The records that make January painless
You don't need a 1099 every time you write a check. You need three things on file before the year ends:
- A W-9 for every contractor, collected before you pay them the first time. It has their legal name, address, and taxpayer ID — everything the form requires. Chasing a W-9 in January from someone you paid in March is the classic avoidable headache.
- A running total of what you paid each person, separated from payments to vendors and corporations. This is where clean, categorized books pay off: you can see at a glance who crossed $600.
- The payment method, so card and processor payments don't get reported twice.
If your bookkeeping already tags "payments to people" as their own category and reconciles every month, your 1099 list is essentially built by December 31 — not assembled in a panic.
A simple year-round habit
Make the W-9 a condition of the first payment, keep contractor payments in their own bucket in your books, and review the list once a quarter.
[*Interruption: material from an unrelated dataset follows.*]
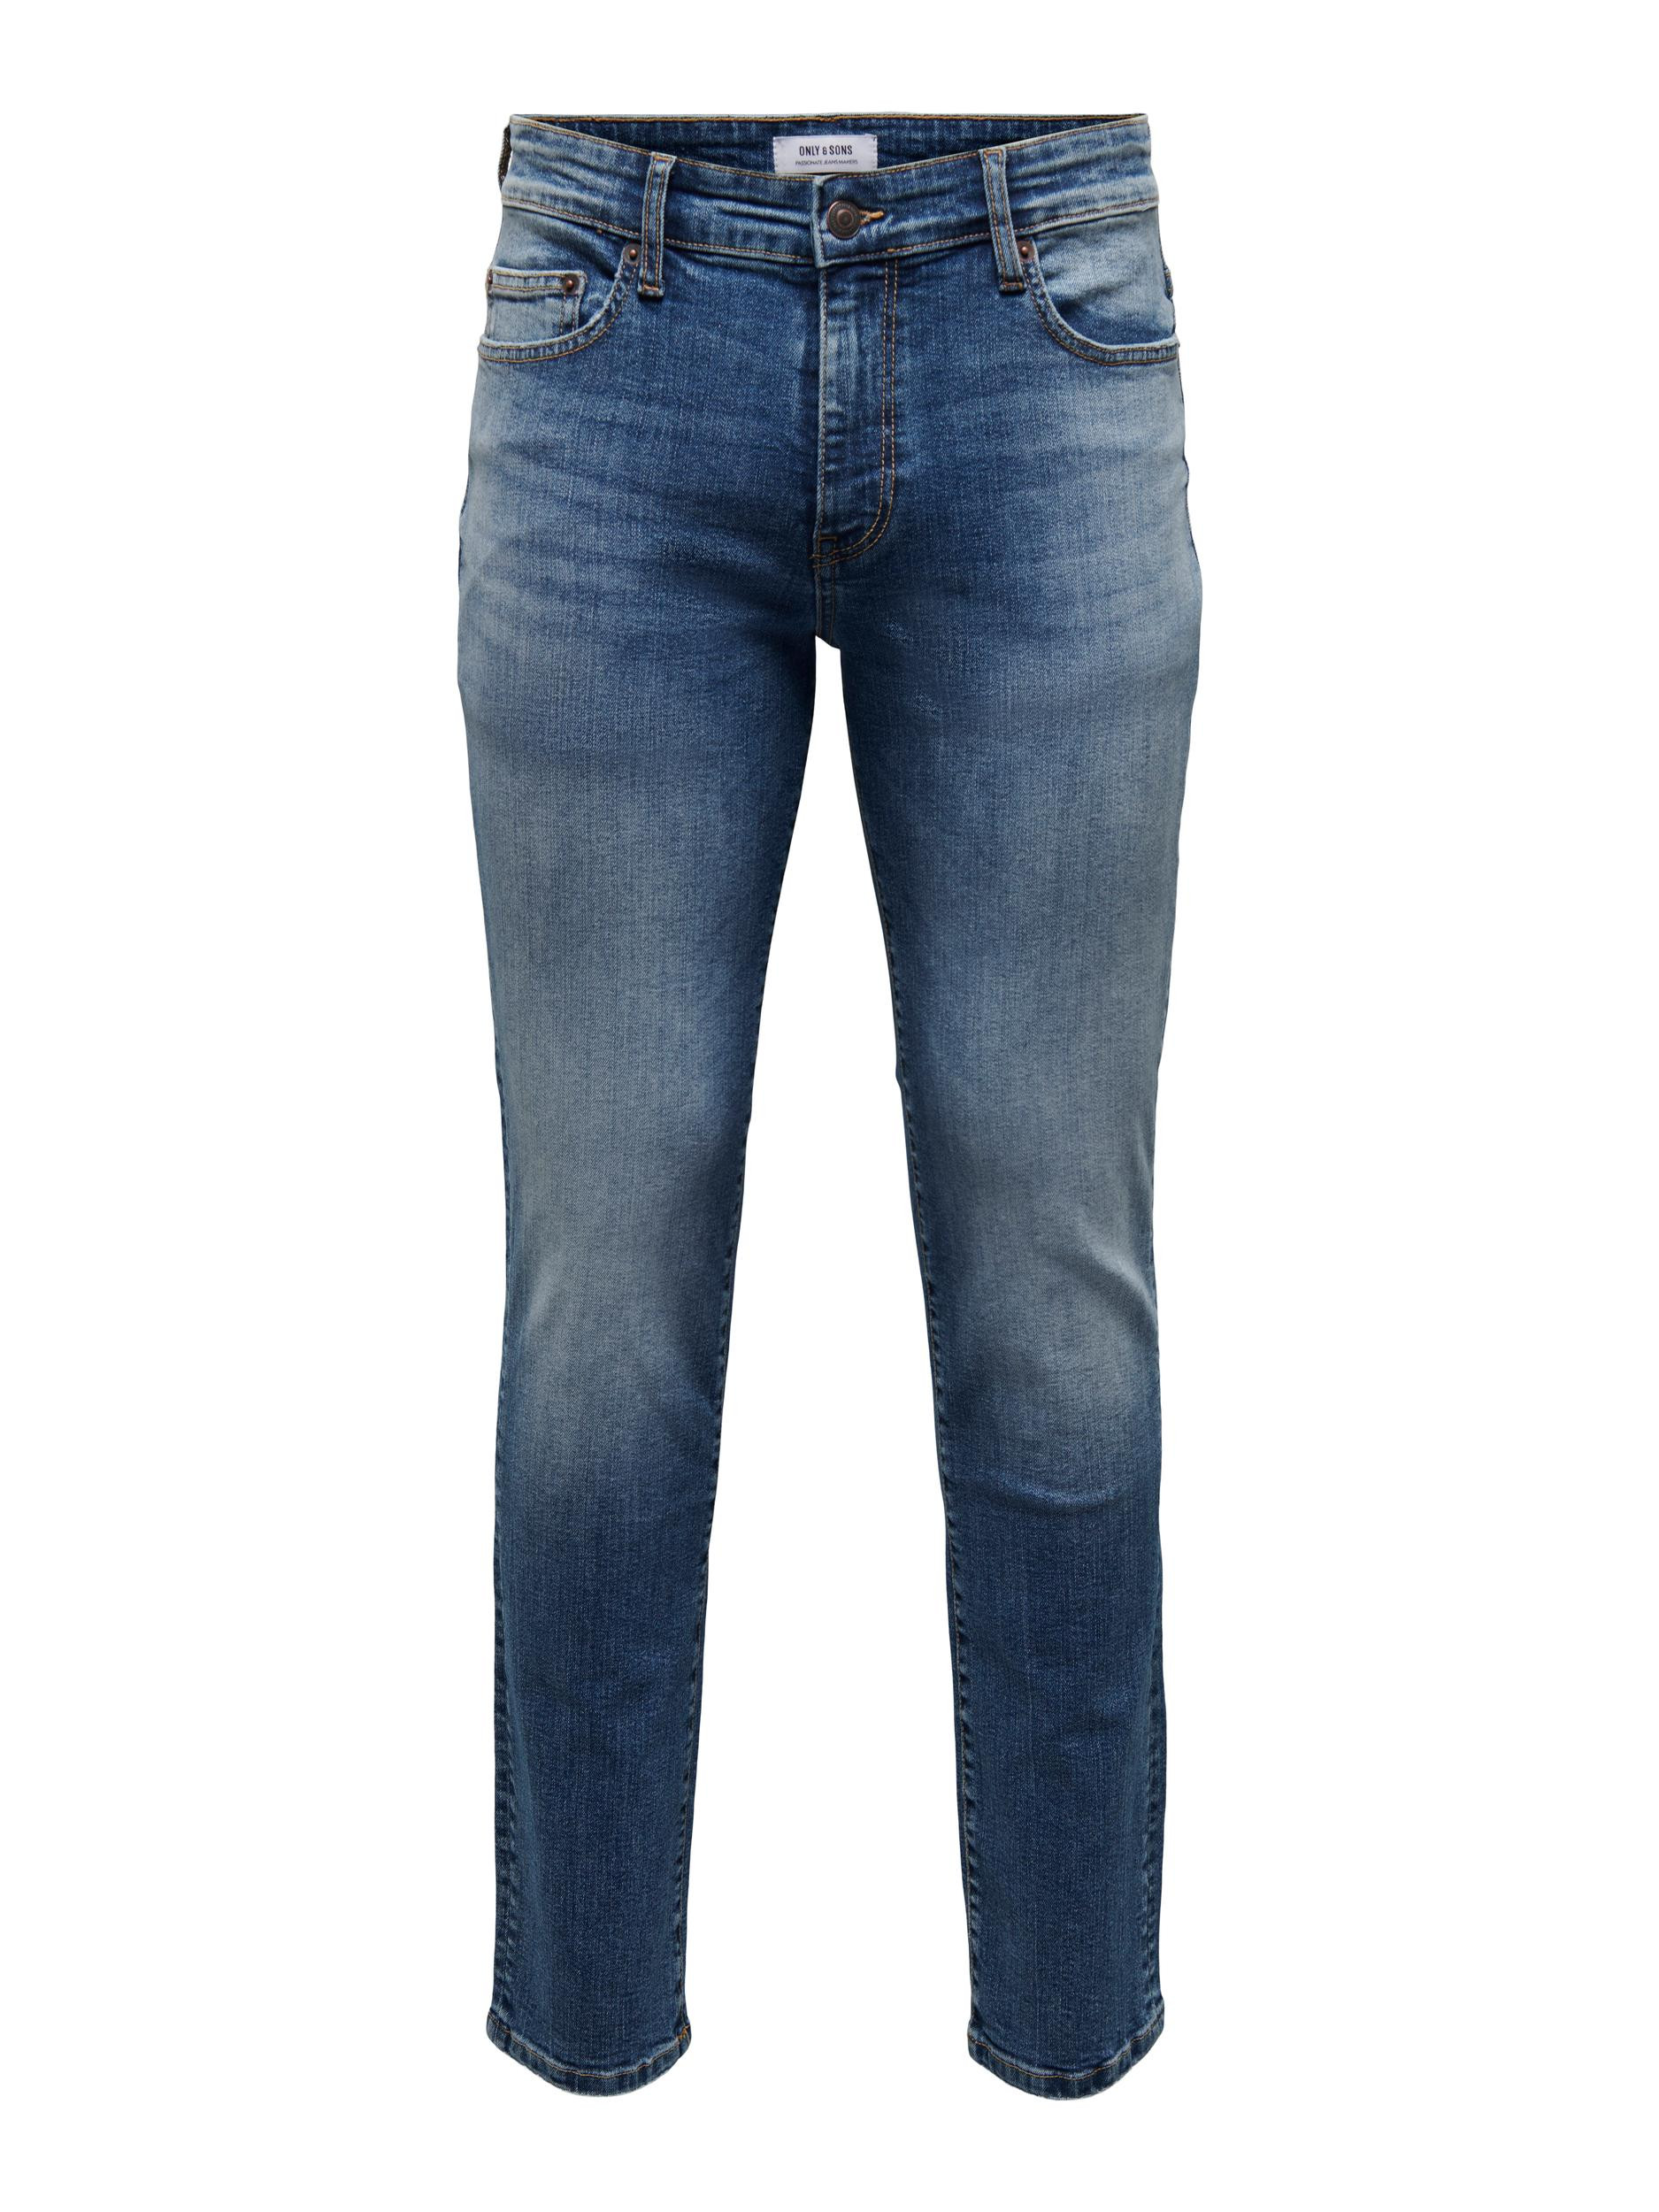 Afbeelding van Only & Sons Onsloom slim medium blue 6466 jeans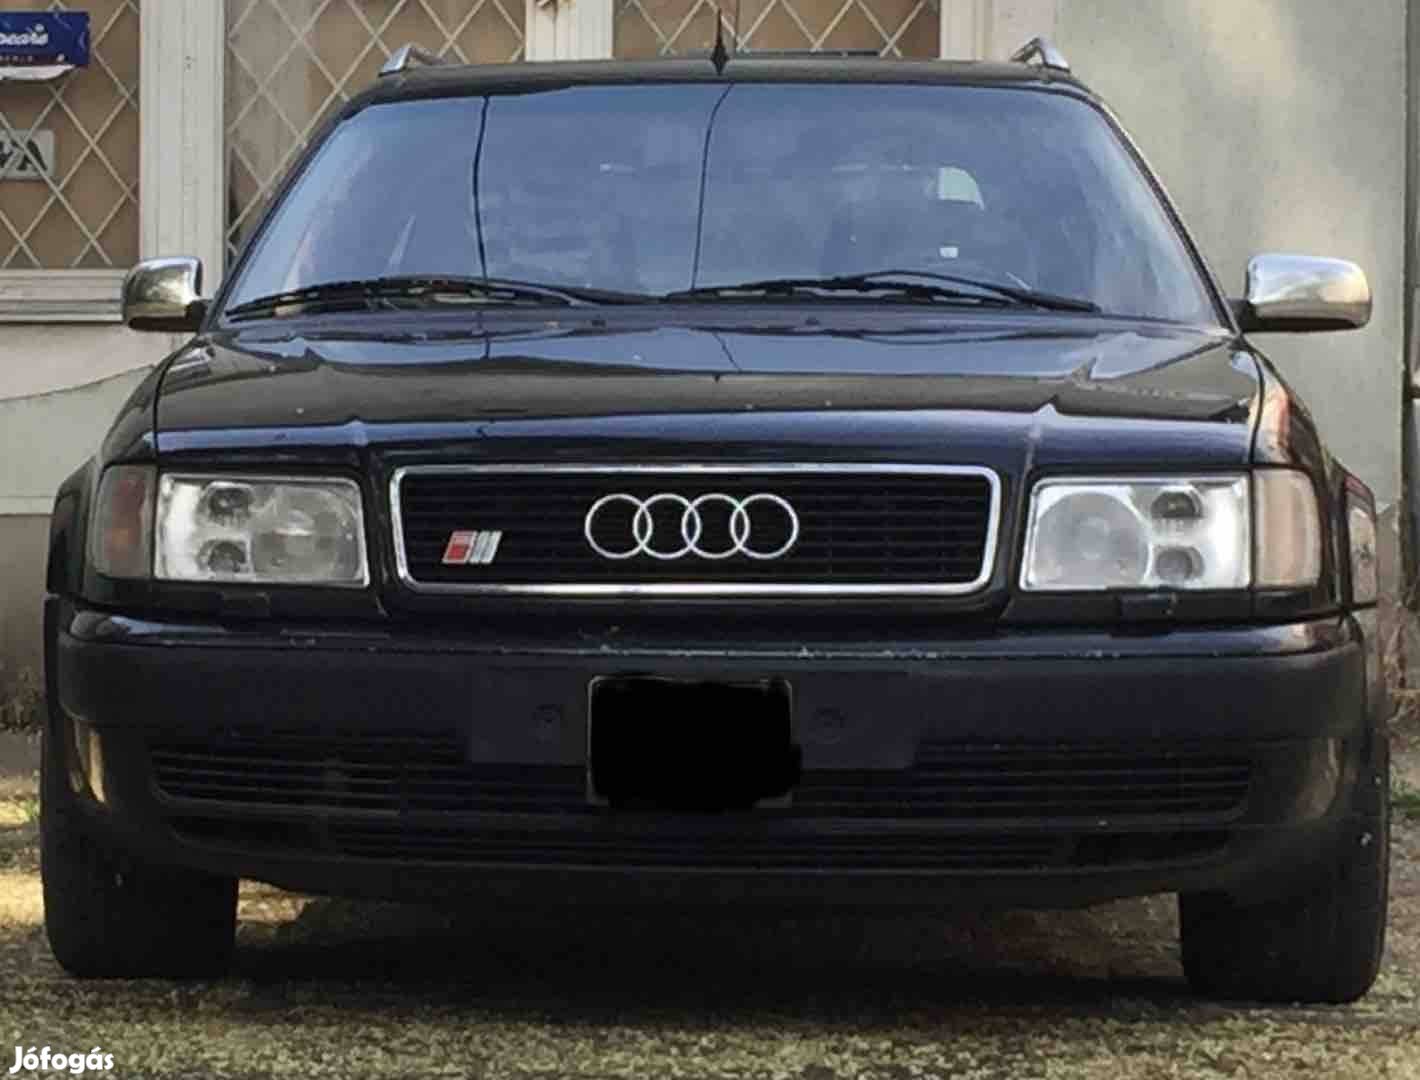 Audi S4, S6, A8

That's it. When January arrives, issuing 1099s becomes a confirmation step instead of an investigation.
This is one of the things TwoDayBooks handles as part of keeping your books clean: every month we categorize and reconcile your transactions and maintain 1099 tracking, so the people who need a form are already flagged — no year-end archaeology required.
Classification is a judgment call worth getting right, and the forms follow the records. Keep the records clean all year, and the forms take care of themselves.